■ **EXERCISE PROMPT**: Please reproduce the listing verbatim, without its images.

■ **DATA PROVIDED**:
______
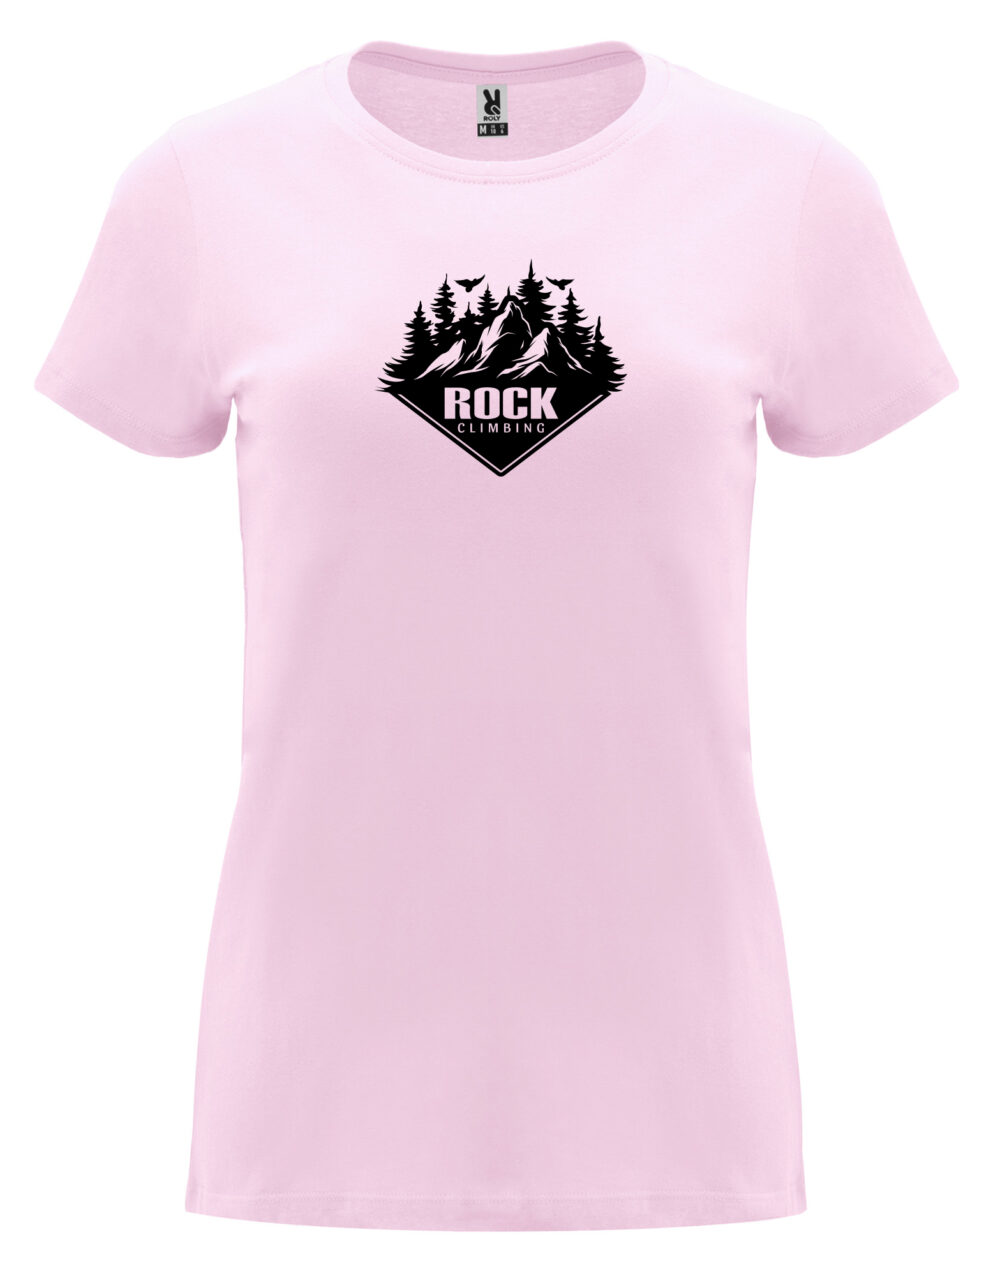 Dámské tričko s potiskem Rock climbing světle růžová
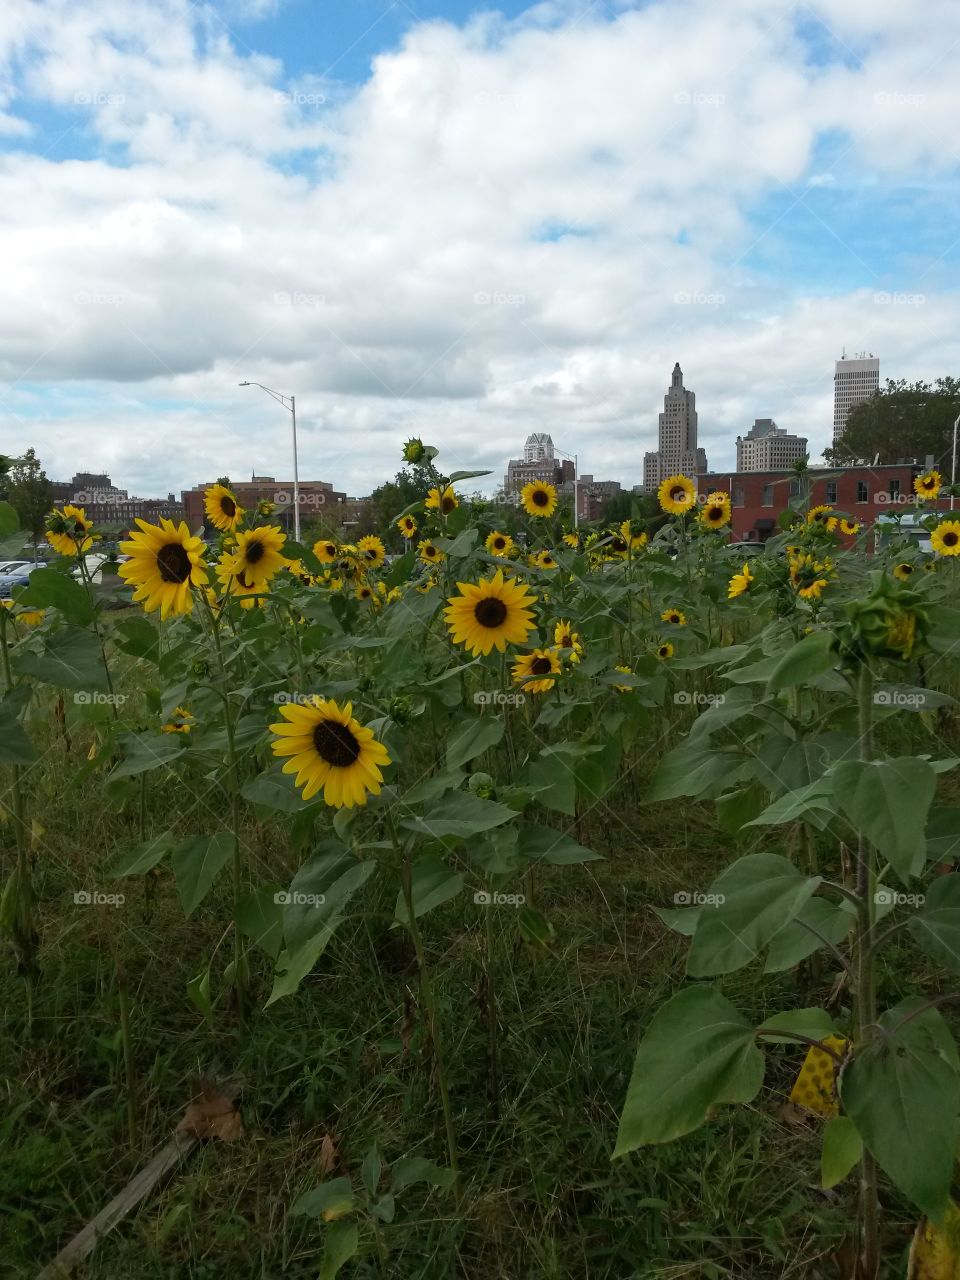 city sunflowers
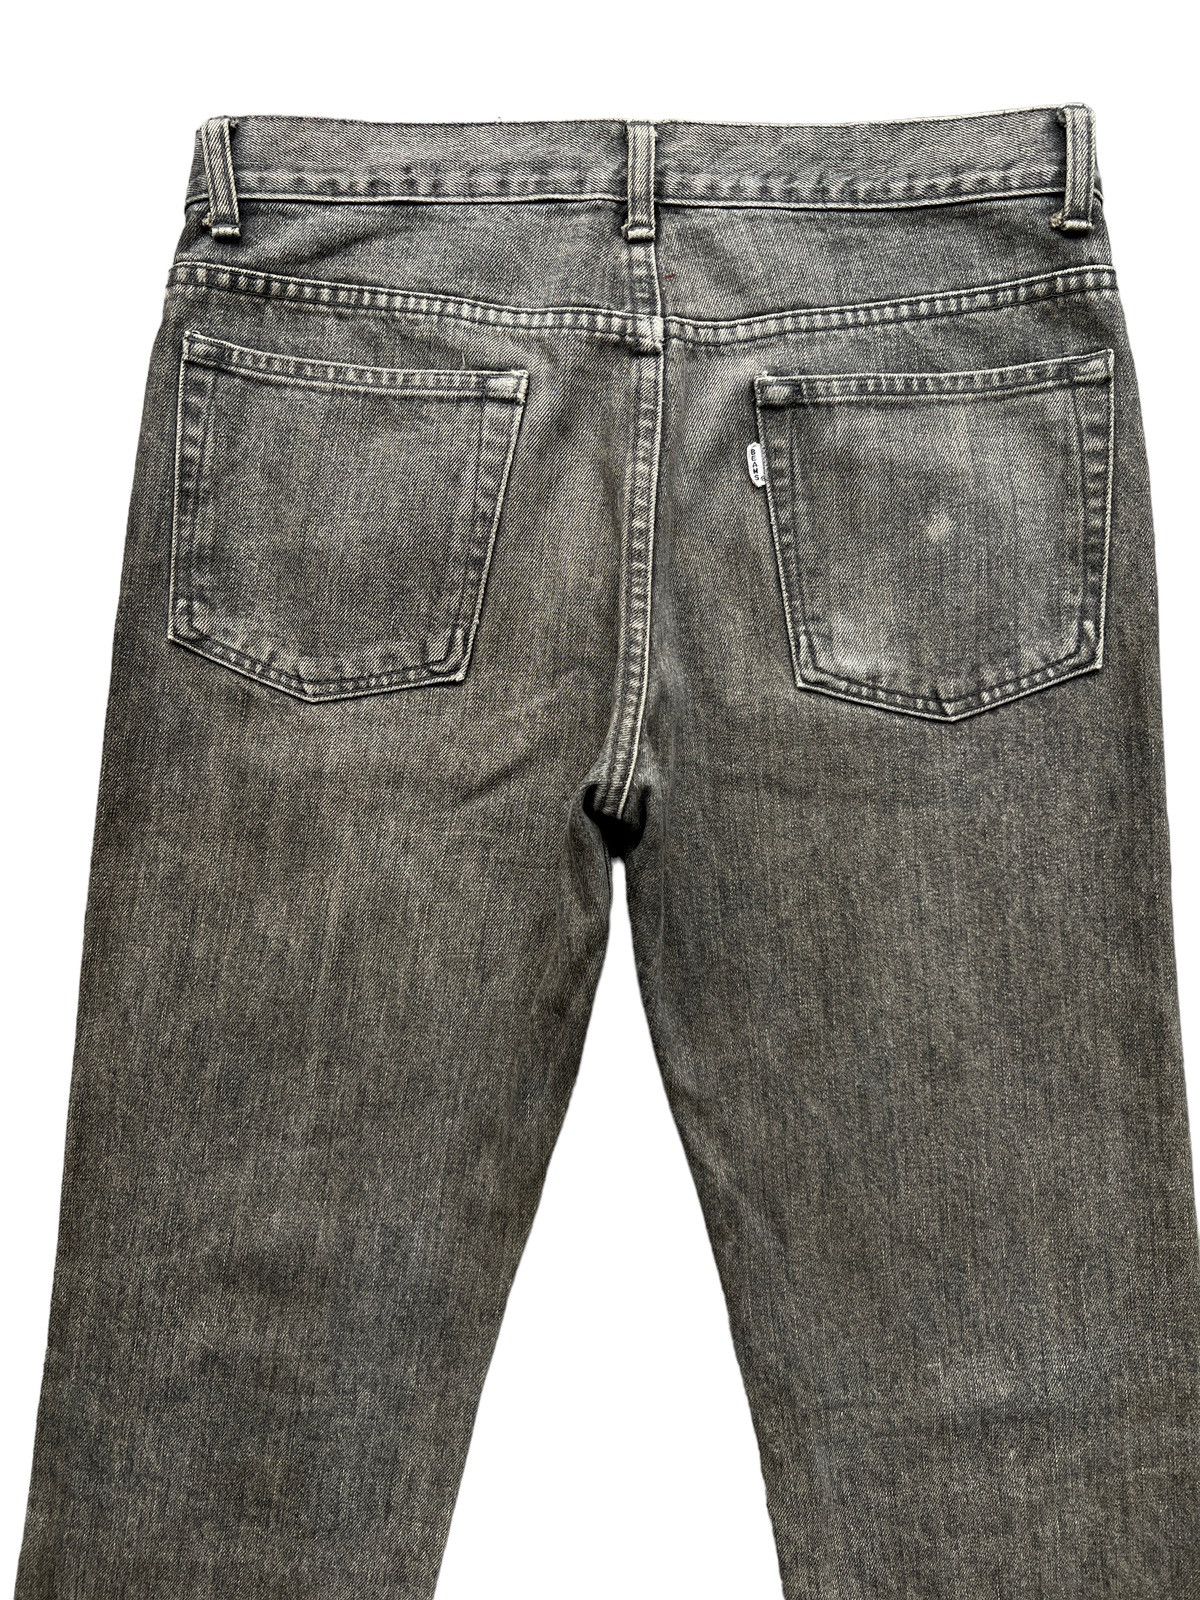 Vintage 90s Beams Skinny Fit Denim Jeans 32x29 - 3
______
■ **ANSWER SPACE**:
 Dámské tričko s potiskem Rock climbing světle růžová
 city sunflowers
 Vintage 90s Beams Skinny Fit Denim Jeans 32x29 - 3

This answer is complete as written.